Here, the Protocol does not block its own execution task with a measurement step, instead it spawns a dedicated Task on a different thread. This leaves the Protocol free to react to Events. It invokes the provided function handleEvents:

function handleEvents(protocol::Protocol)
  while isready(protocol.biChannel)
    event = take!(protocol.biChannel)
    handleEvent(protocol, event)
  end
end

With this function, a Protocol only has to write a function like the following to react to an Event:

function handleEvent(protocol::MPIMeasurementProtocol, event::ProgressQueryEvent)
  framesTotal = protocol..numFrames
  framesDone = min(protocol..nextFrame - 1, framesTotal)
  reply = ProgressEvent(framesDone, framesTotal, "Frames", event)
  put!(protocol.biChannel, reply)
end

Implementing New Protocols

The following example implements a Protocol, that uses moves a Robot to several defined positions and measures the temperature using a TemperatureSensor like the one implemented in the Device example.

MPIMeasurements.jl already provides a family of robot-based Protocols, which can be found here. In particular, this already provides an implementation of the _execute function, which is further annotated with comments for this example:

function _execute(protocol::RobotBasedProtocol)
  @info "Start $(typeof(protocol))"
  scanner_ = scanner(protocol)
  robot = getRobot(scanner_)
  if !isReferenced(robot)
    # Any exception thrown in _execute, produces an ExceptionEvent
    throw(IllegalStateException("Robot not referenced! Cannot proceed!"))
  end

  initMeasData(protocol) # This is method needs to be implemented

  finished = false
  notifiedStop = false
  while !finished
    finished = performMovements(protocol)

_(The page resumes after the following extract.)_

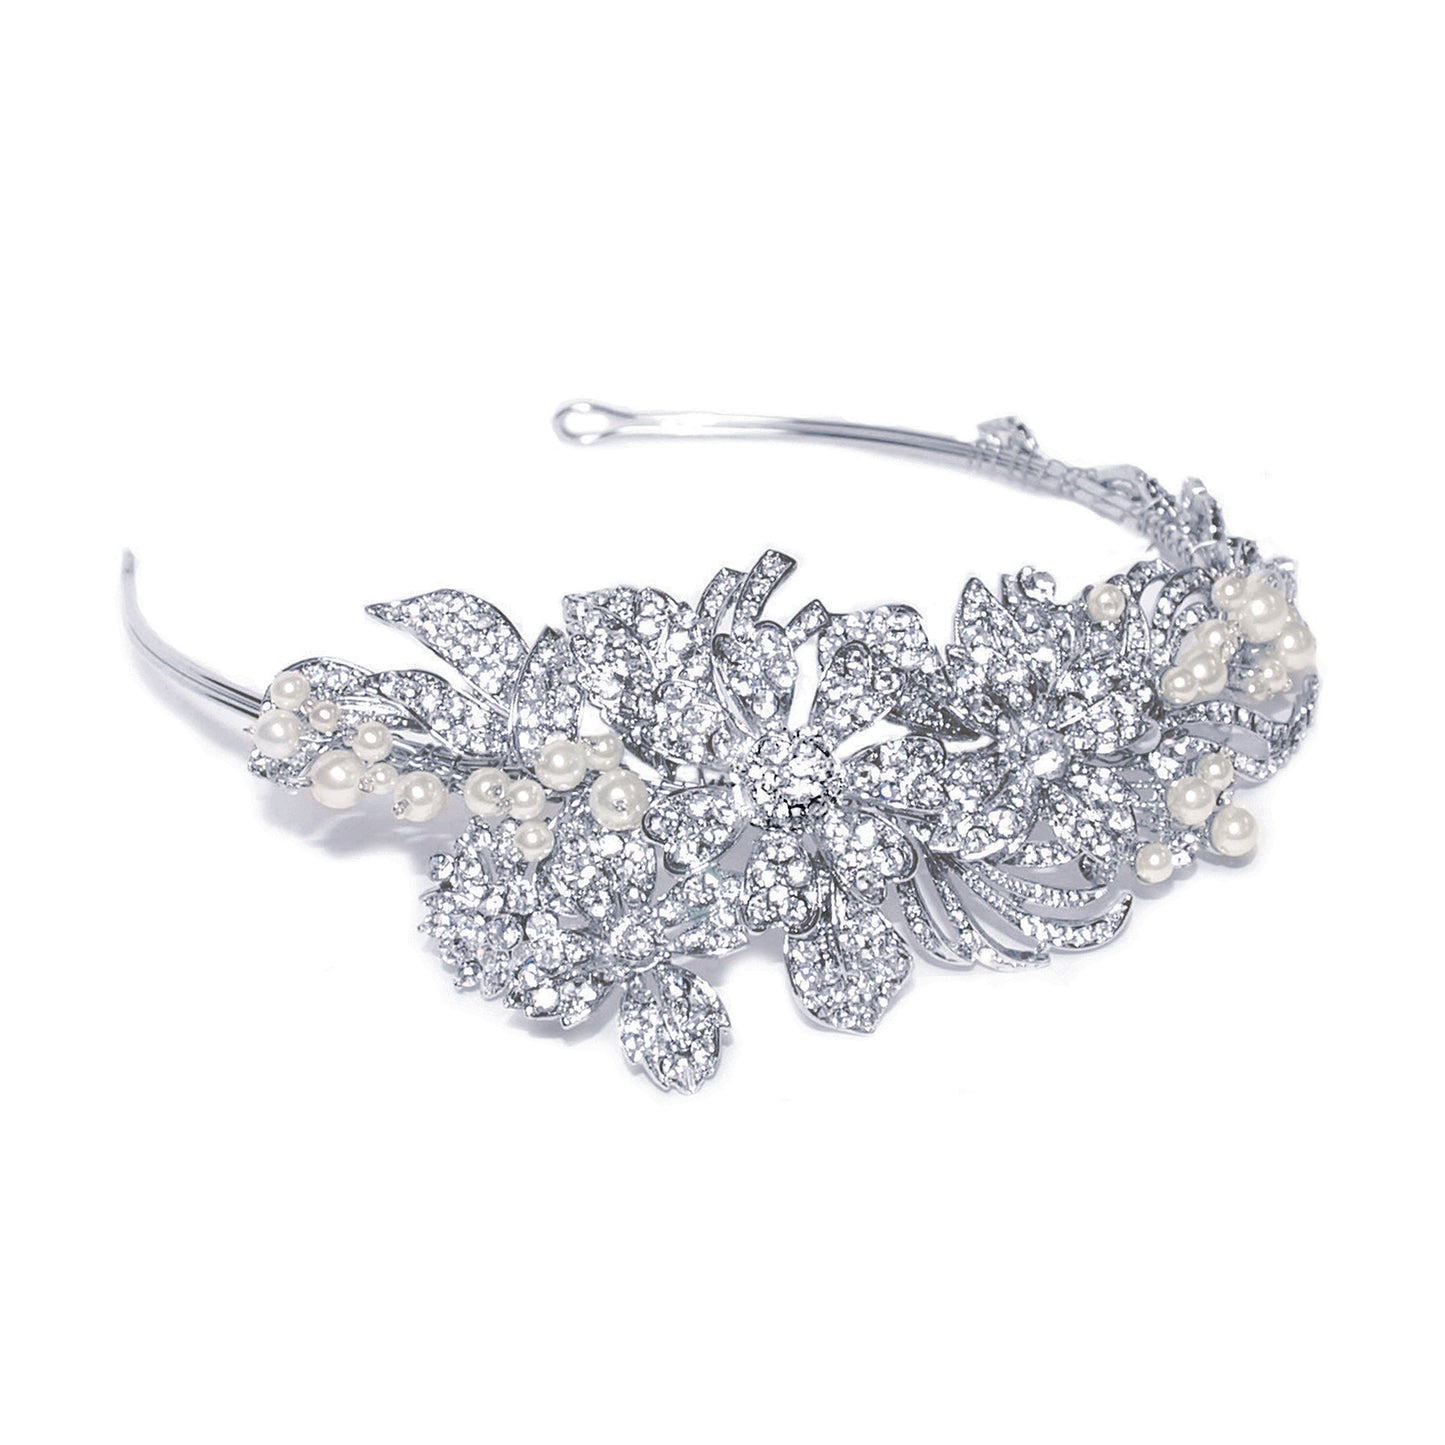 Melanie - Rhodium Crystal and Pearl Flower Blossom Headpiece

    # This code block handels pausing and resuming the measurement 
    notifiedStop = false
    # protocol.stopped is set when a StopEvent is received
    while protocol.stopped
      handleEvents(protocol) # Here we react to Events again
      protocol.cancelled && throw(CancelException())
      if !notifiedStop
        # Notify once that we paused
        put!(protocol.biChannel, OperationSuccessfulEvent(StopEvent()))
        notifiedStop = true
      end
      if !protocol.stopped
        # Notify that we resumed
        put!(protocol.biChannel, OperationSuccessfulEvent(ResumeEvent()))
      end
      sleep(0.05)
    end
  end

  # Notify the caller that the protocol finished
  put!(protocol.biChannel, FinishedNotificationEvent())
  # Await acknowledgement
  while !protocol.finishAcknowledged
    handleEvents(protocol)
    protocol.cancelled && throw(CancelException())
    sleep(0.01)
  end
  @info "Protocol finished."
end

The function uses several internal fields, such as stopped, cancelled and finishedAcknowledged which are mandatory for robot-based Protocols, additionally to the ones mandatory for any Protocol.

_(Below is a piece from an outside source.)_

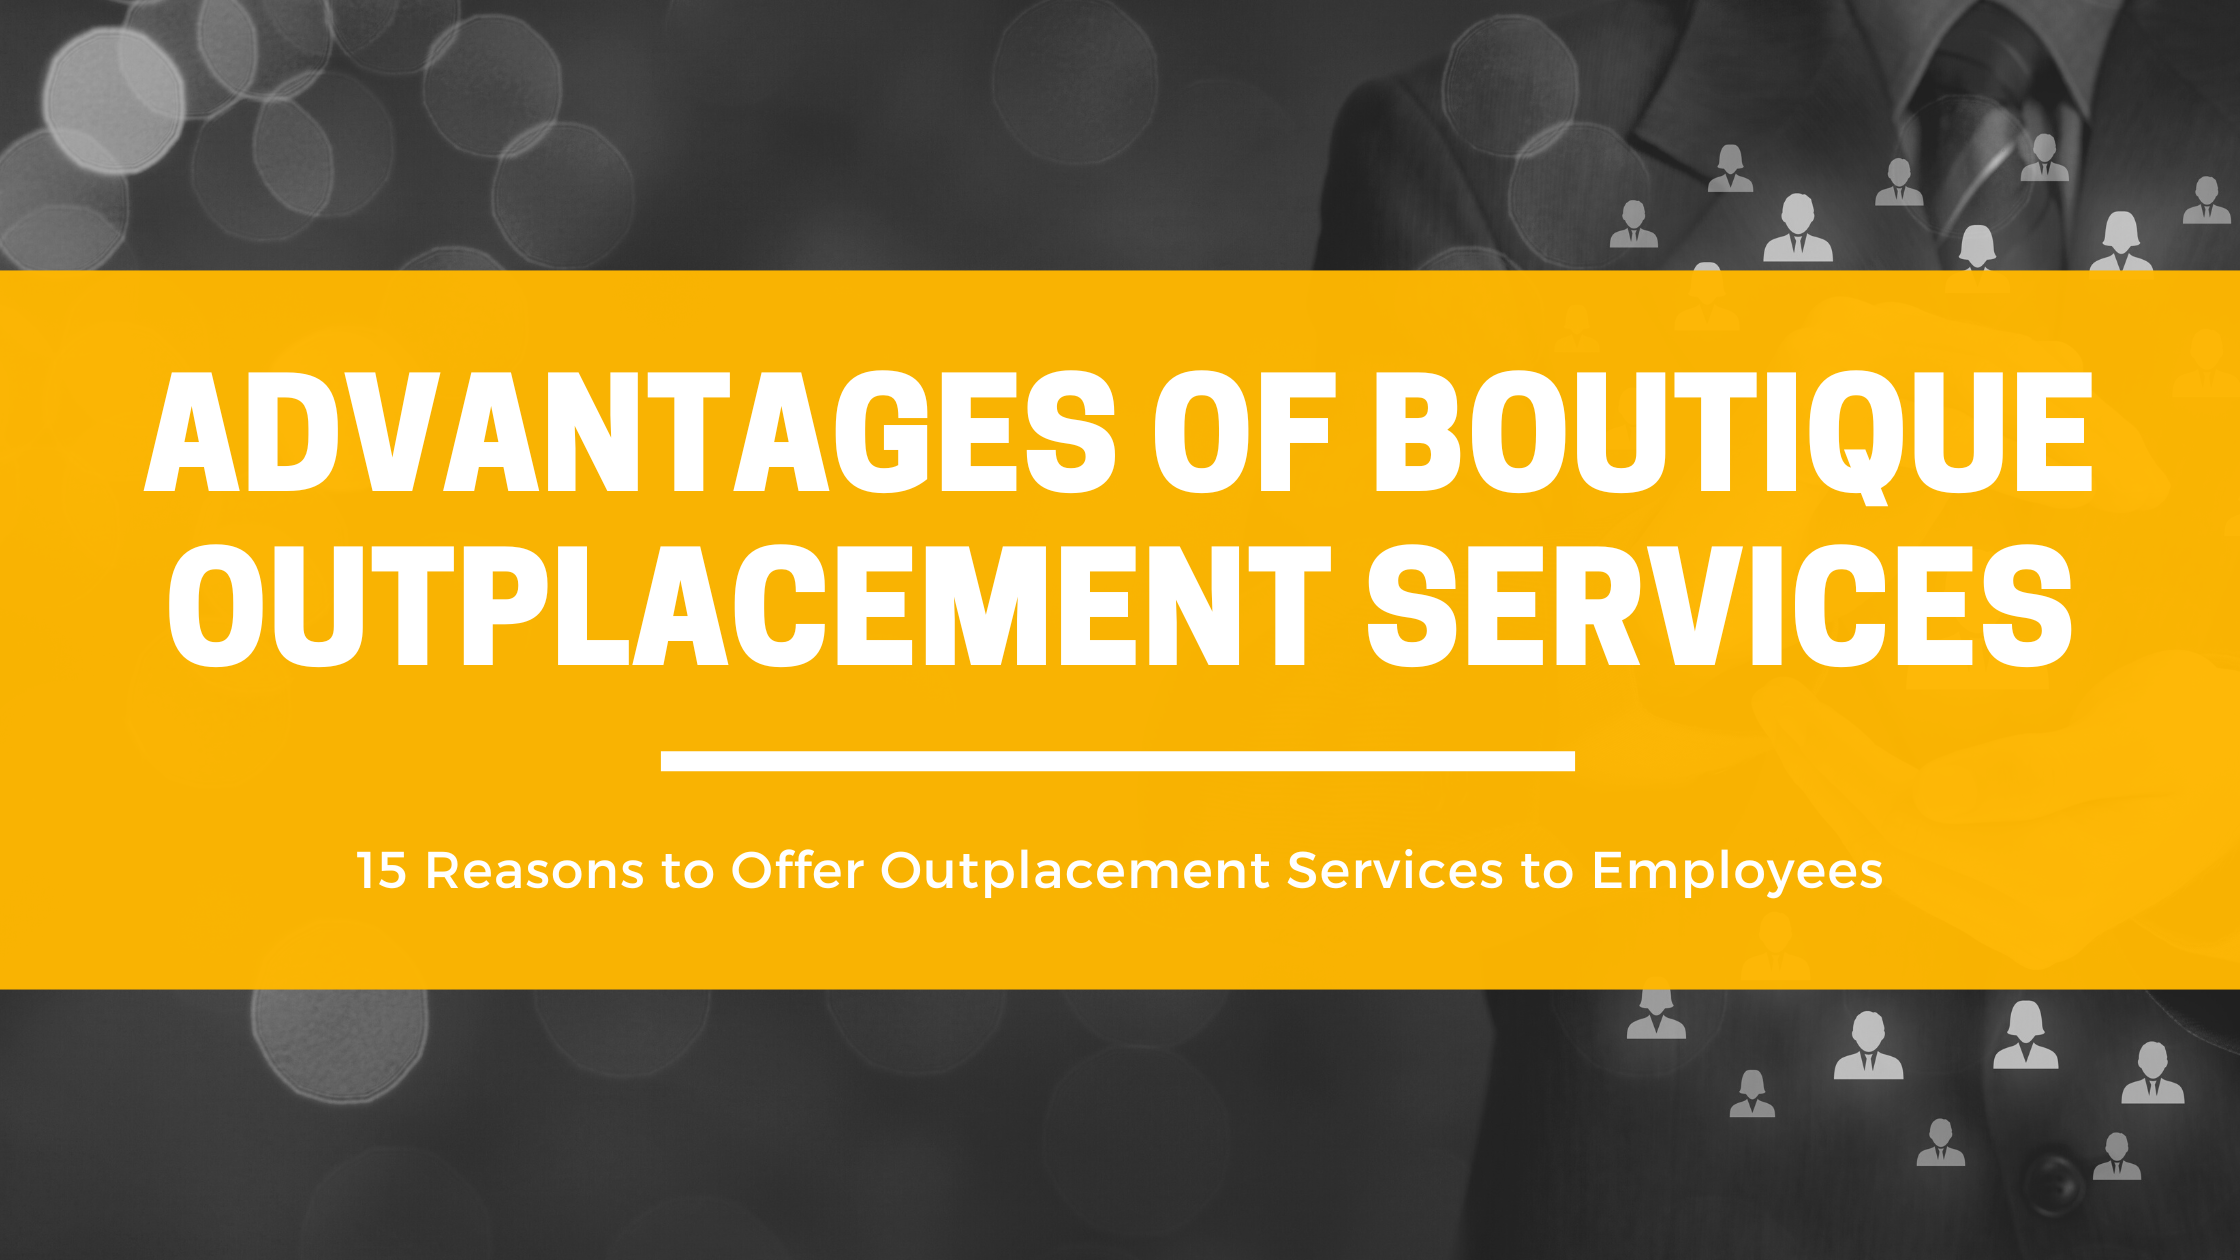 15 Competitive Advantages of Boutique Outplacement Services

The robot-based Protocols are implement as a multi-threaded process with three distinct steps per robot movement. A Protocol can performan an action before, during and after a movement:

function performMovement(protocol::RobotBasedProtocol, robot::Robot, pos::ScannerCoords)
  @info "Pre movement"
  preMovement(protocol) # Needs to be implemented

  enable(robot)
  try
    @sync begin 
      @info "During movement"
      moveRobot = @tspawnat protocol.scanner.runtime.serialThreadID moveAbs(robot, pos)
      duringMovement(protocol, moveRobot) # Needs to be implemented
    end
  catch ex 
    if ex isa CompositeException
      @error "CompositeException while preparing measurement:"
      for e in ex
        @error e
      end
    end
    rethrow(ex)
  end
  disable(robot)
  
  @info "Post movement"
  postMovement(protocol) # Needs to be implemented
end

The performMovement function has as an argument the next position to drive to. This argument is provided by the nextPosition function, which our Protocol also needs to implement.

With this overview of what needs to be implemented one can start writing the Protocol. We define the following parameters type:

Base.@kwdef mutable struct RobotBasedTempMeasProtocolParams <: RobotBasedProtocolParams
  positions::GridPositions
end
RobotBasedTempMeasProtocolParams(dict::Dict, scanner::MPIScanner) = RobotBasedTempMeasProtocolParams(positions = Positions(dict["Positions"]))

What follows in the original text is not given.